42829 > 192.168.1.9.34617: UDP, length 516
12:55:33.190060 IP 192.168.1.9.
34617 > 192.168.1.91.42829: UDP, length 4
12:55:33.190088 IP 192.168.1.91.
42829 > 192.168.1.9.34617: UDP, length 92
12:55:33.190190 IP 192.168.1.9.
34617 > 192.168.1.91.42829: UDP, length 4
The client originated the transaction from an ephemeral port (34617), and sent it to the server's well known port (69).  But the server's response was NOT symmetric.  Rather than replying from port 69, the server spawned a new ephemeral port (42829) when replying to the client.  After the initial request packet, the four packets responsible for the file transfer (data, ack, data, ack) were exchanged between two ephemeral ports.
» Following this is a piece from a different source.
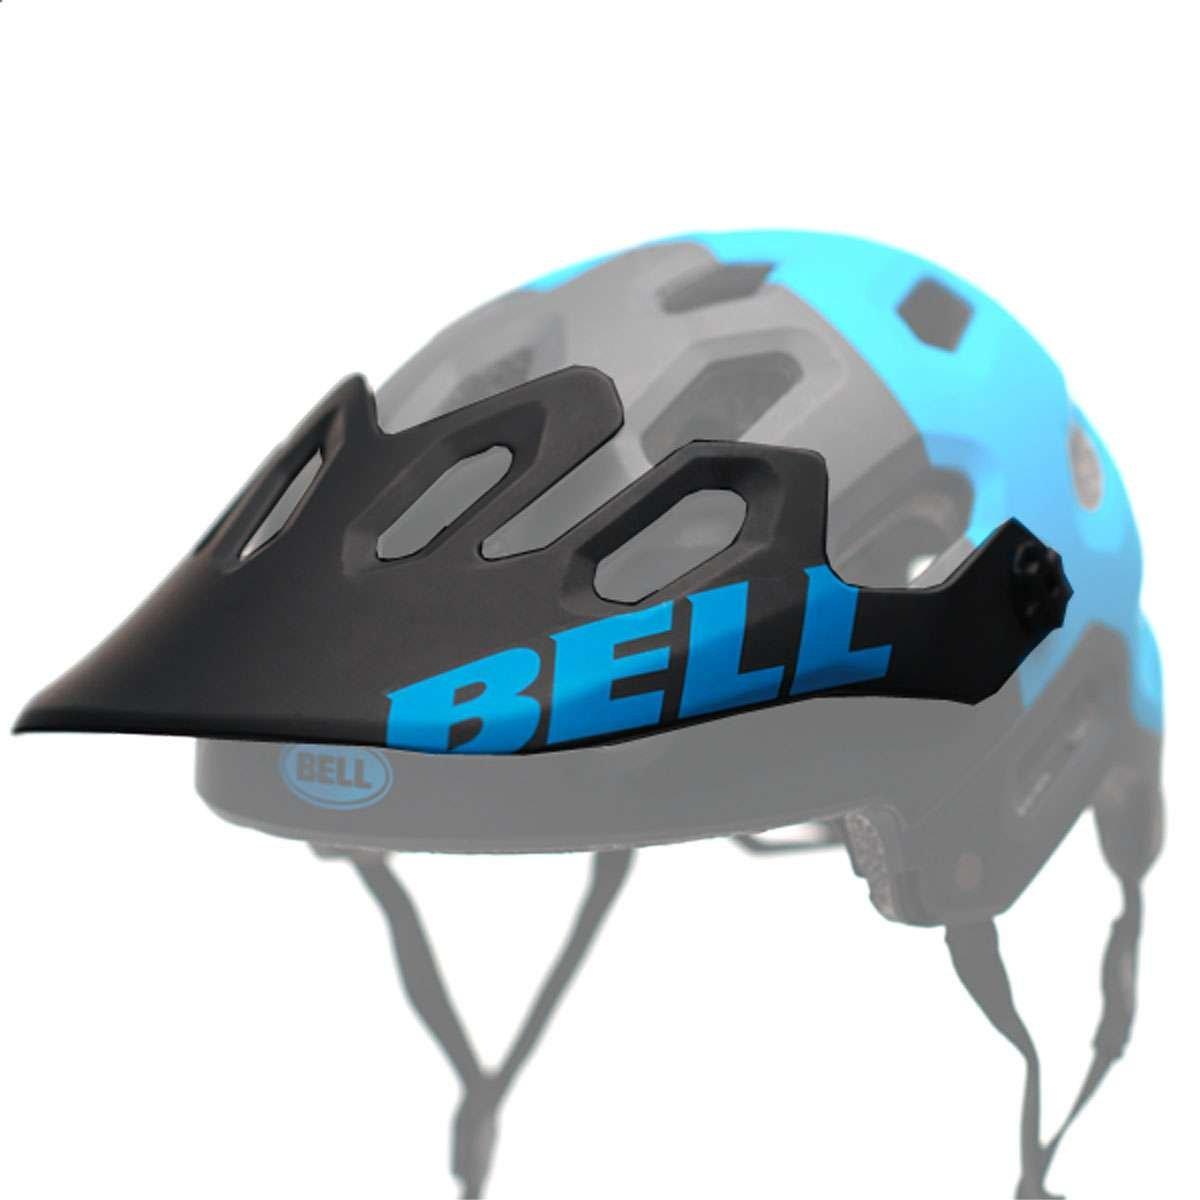 Bell Super 2/2R Helmet - Replacement Visor - Matte Black/Blue Aggression - 8047958

This is strange behavior, and most flow-mangling smart devices (firewalls, NAT engines, reflexive ACLs, etc...) won't recognize the second or later packets as being related to the first.  Unlike active mode FTP, TFTP doesn't include an application header describing what's going to happen next.  Accordingly, there's nothing for a protocol-aware firewall module to monitor in order to open a pinhole for return traffic.  TFTP is a perfect candidate for a man-in-the-middle attack.

I'm not aware of any requirement for TFTP servers to act this way, but most do.  My guess about the reason for the behavior is this:  As shown here, the TFTP server merely needs to fork() itself for each client request.  The new thread opens its own socket to handle the client request, then exits when done.  Without the separate thread and socket, a single server thread would have to keep track of all clients simultaneously, and would have to demultiplex incoming client packets for each flow (because they'd all flow in the single connectionless UDP socket).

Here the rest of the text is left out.